Repeat the lines of the data exactly and exclude any picture among them.

+++ The data +++

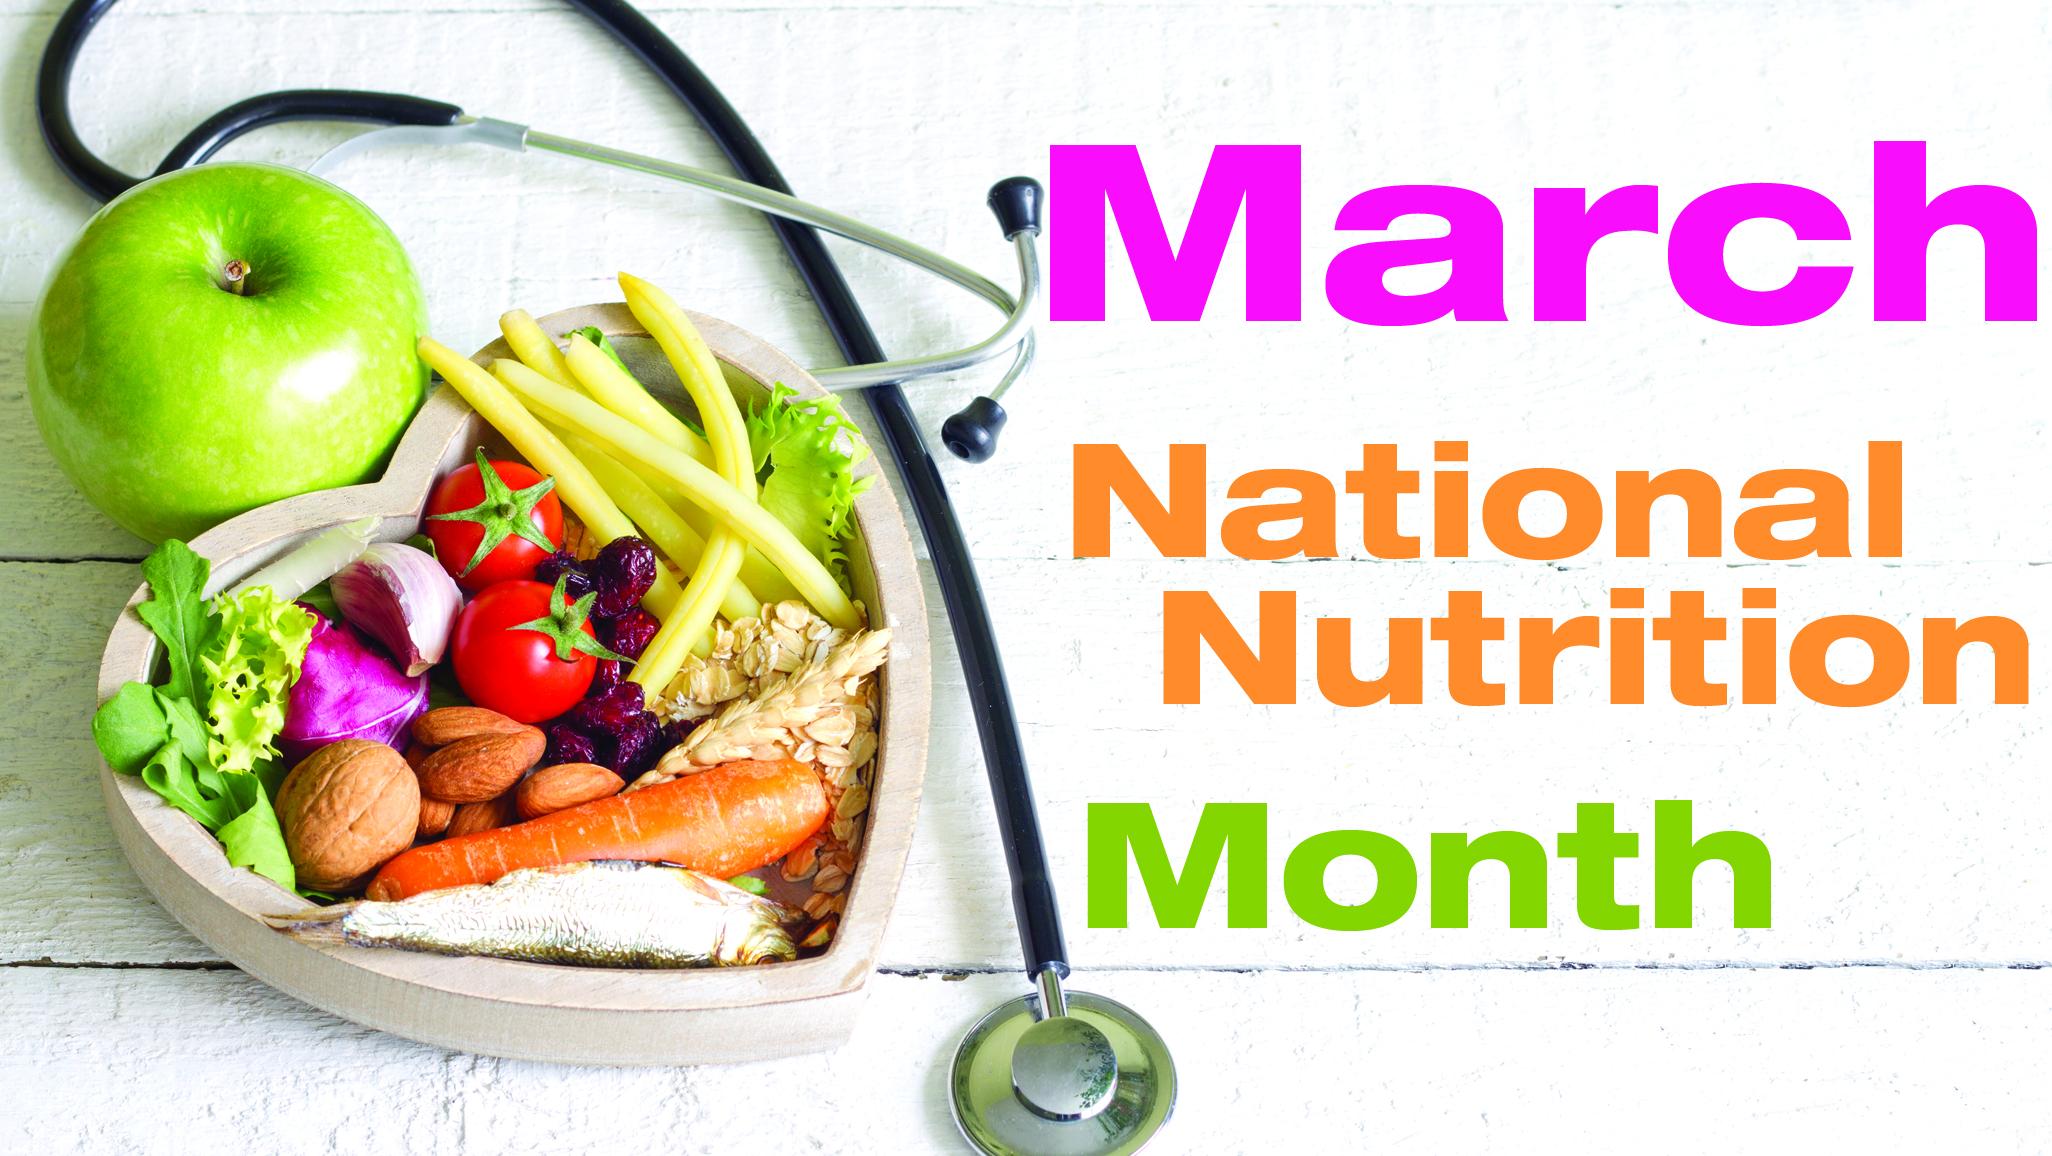 National Nutrition Month Eating Smarter
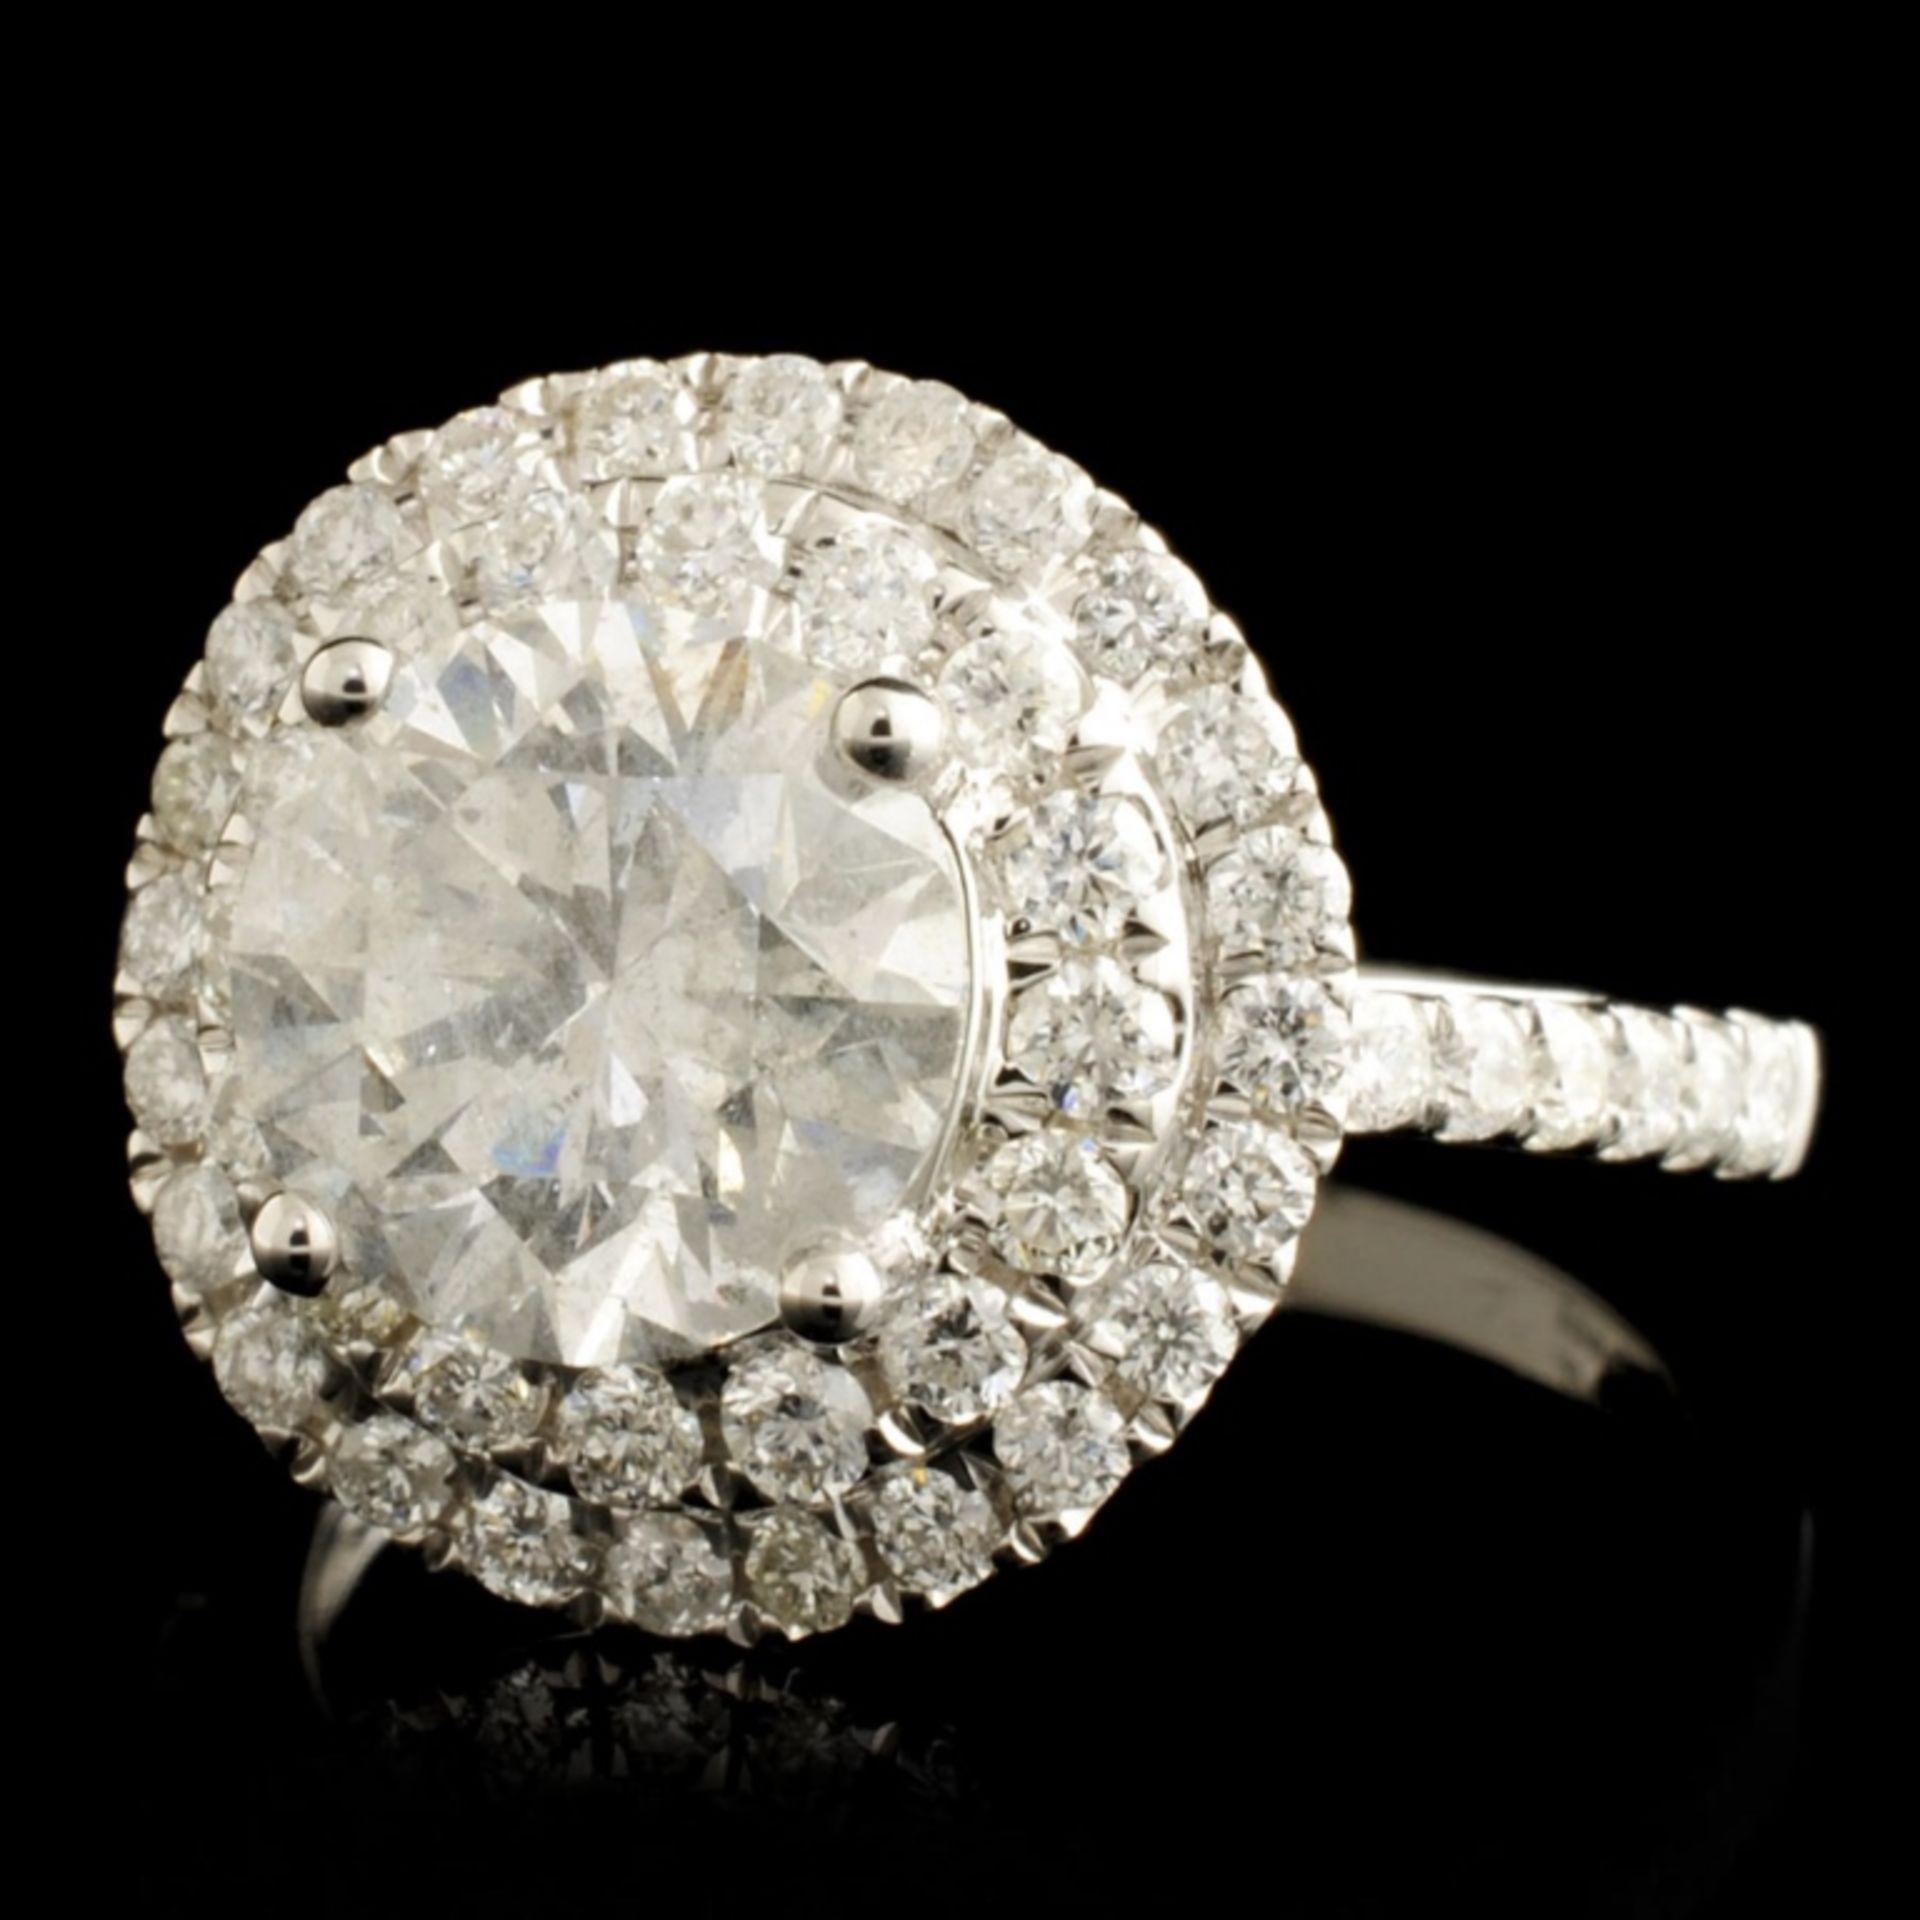 18K Gold 2.73ctw Diamond Ring - Image 2 of 7
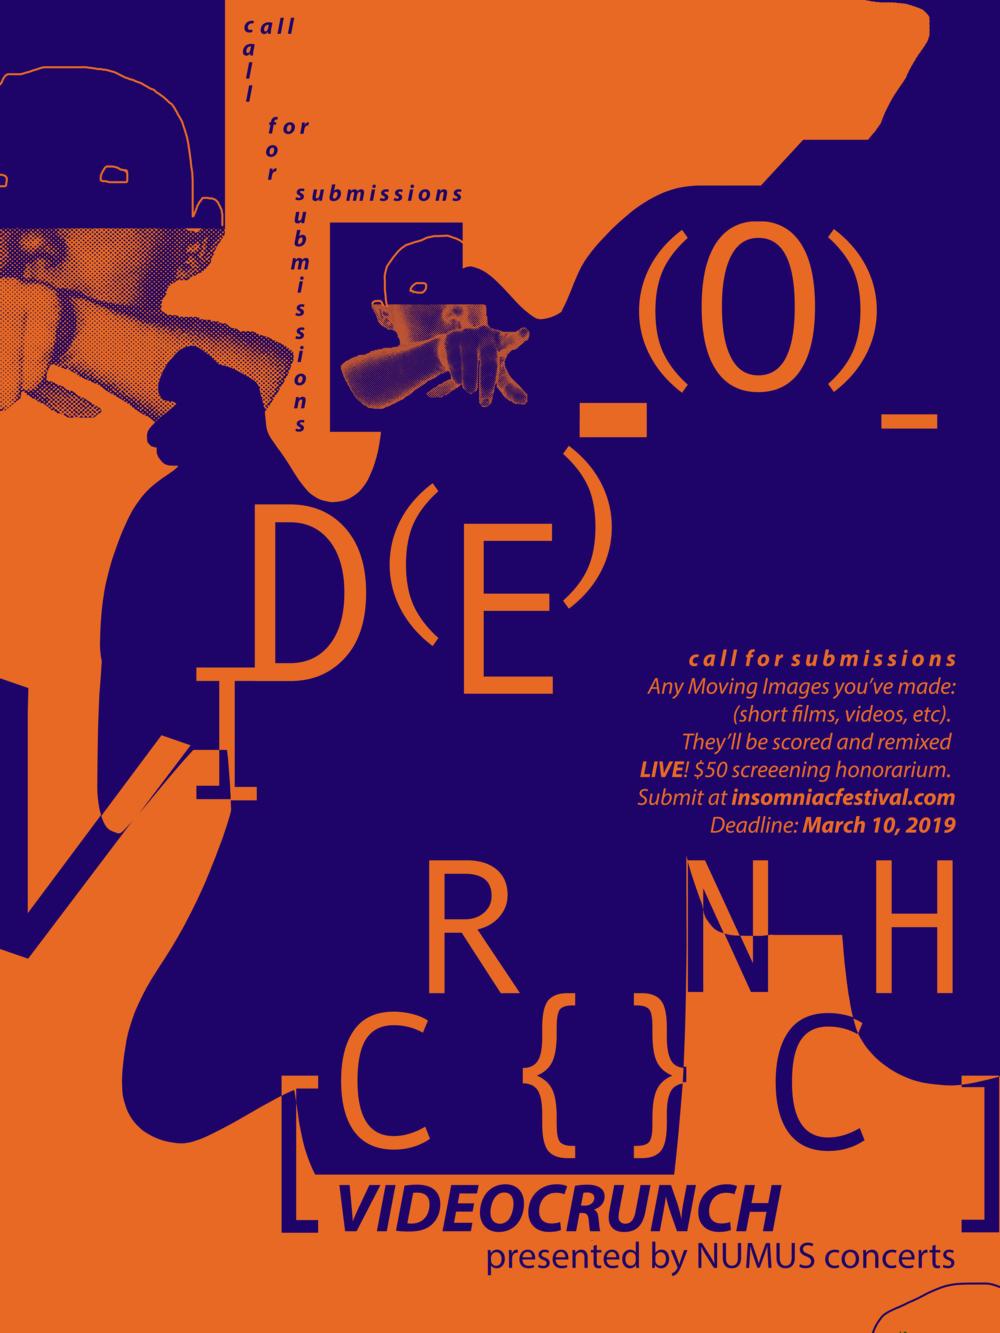 Poster designed by Erika Verhagen
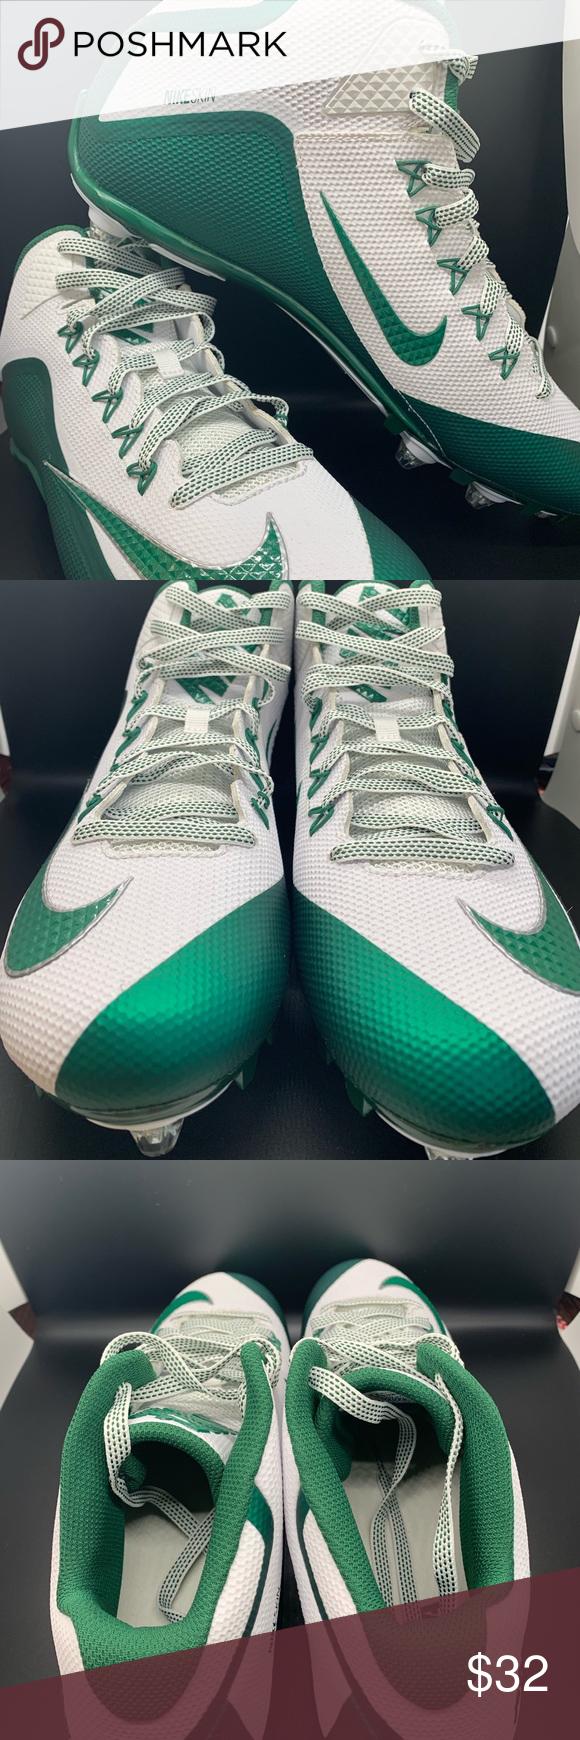 cacd7b54408f NWOB NIKE alpha pro td 2 Brand new no box. Nike alpha pro td 2. Nike Shoes  Athletic Shoes

+++

Solution for this exercise ▸
 National Nutrition Month Eating Smarter
 18K Gold 2.73ctw Diamond Ring - Image 2 of 7
 Poster designed by Erika Verhagen
 cacd7b54408f NWOB NIKE alpha pro td 2 Brand new no box. Nike alpha pro td 2. Nike Shoes  Athletic Shoes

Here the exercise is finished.